Nothing no Musicbox. Nada se criou e nada se perdeu, tudo se transformou

Foi na passada sexta-feira, sob a protecção do tecto curvo que cobre a entrada do Musicbox que se formaram alguns pequenos grupos que faziam prever uma sala menos composta. No entanto, a pontualidade e profissionalismo aos quais a Amplificasom nos habituou fez com que surgissem mais caras familiares quando a hora de ínicio se fez aproximar. À entrada ouvia-se falar inglês americano vindo da banca de merchandise e sentia-se a frescura de uma sala ainda por encher, cujo fim teve lugar com Ricardo Remédio a pisar o palco com o seu novo projecto às costas e, sem palavras, tornou calorenta a sala ao penetrar-nos os ouvidos com sons de Natureza Morta, que nos mergulharam num mar de agulhas e algodão que ora perfurava, ora afagava. Com uma actuação muito bem conseguida e com a sensação deixada de que se foi sujeito a uma transformação kafkiana – quando finalmente se foi expulso do mundo projectado por Ricardo Remédio, é fácil considerar-se este um projecto a ter em conta na cena musical electrónica portuguesa.

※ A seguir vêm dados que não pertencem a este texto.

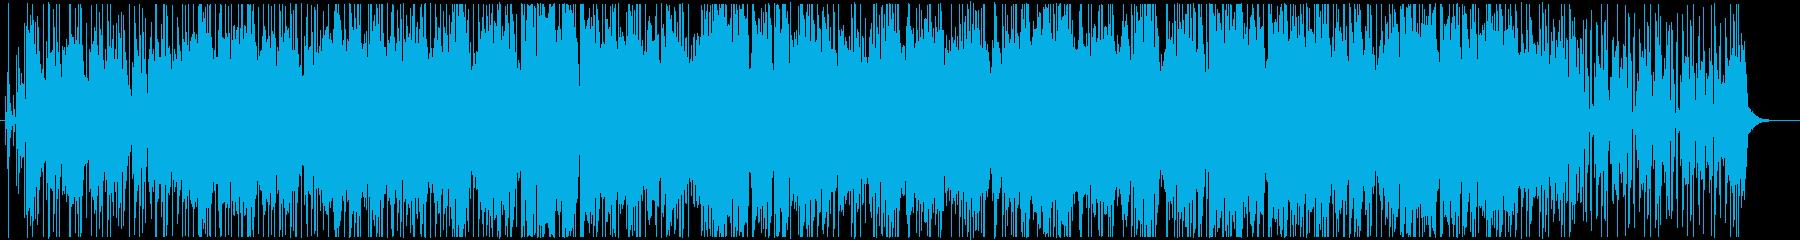 大人な雰囲気のBGMの再生済みの波形

Para preencher o vazio deixado por Ricardo Remédio, foi pisado, pela primeira vez, um palco português pelos norte-americanos Nothing, aventureiros nas sonoridades do shoegaze, punk e post-rock. Chegaram há cerca de dois anos à atenção do mundo com o lançamento de Guilty of Everything, álbum que ainda antes do seu lançamento já tinha ouvintes colados às colunas em expectativa. Ex-membro da banda Horror Show e fundador dos Nothing, Domenic Palermo trouxe um legado punk/hardcore para o caldeirão que compõe este conjunto de quatro rapazes, contribuindo com um dos ingredientes que os torna numa banda de shoegaze que valha a pena escutar no meio de milhares.

Guitarras fluentes na linguagem do barulho belo interpretam as melodias agridoces patentes em Tired of Tomorrow enquanto batidas ingénuas e simplistas dão ritmo às palavras de carácter idêntico, vocalizadas angelicalmente por ambos os guitarristas e que chegavam aos ouvidos dos presentes através de sopros de melancolia que faziam aos mesmos acreditar que não estavam debaixo de uma estrada, fechados numa sala, mas sim que estavam noutro local qualquer bem longe do Cais do Sodré. O primeiro contacto entre os Nothing e os portugueses foi um de algum humor, timidez e muita hospitalidade e, considerando que agora se conhecem melhor, esperamos avidamente por um segundo encontro.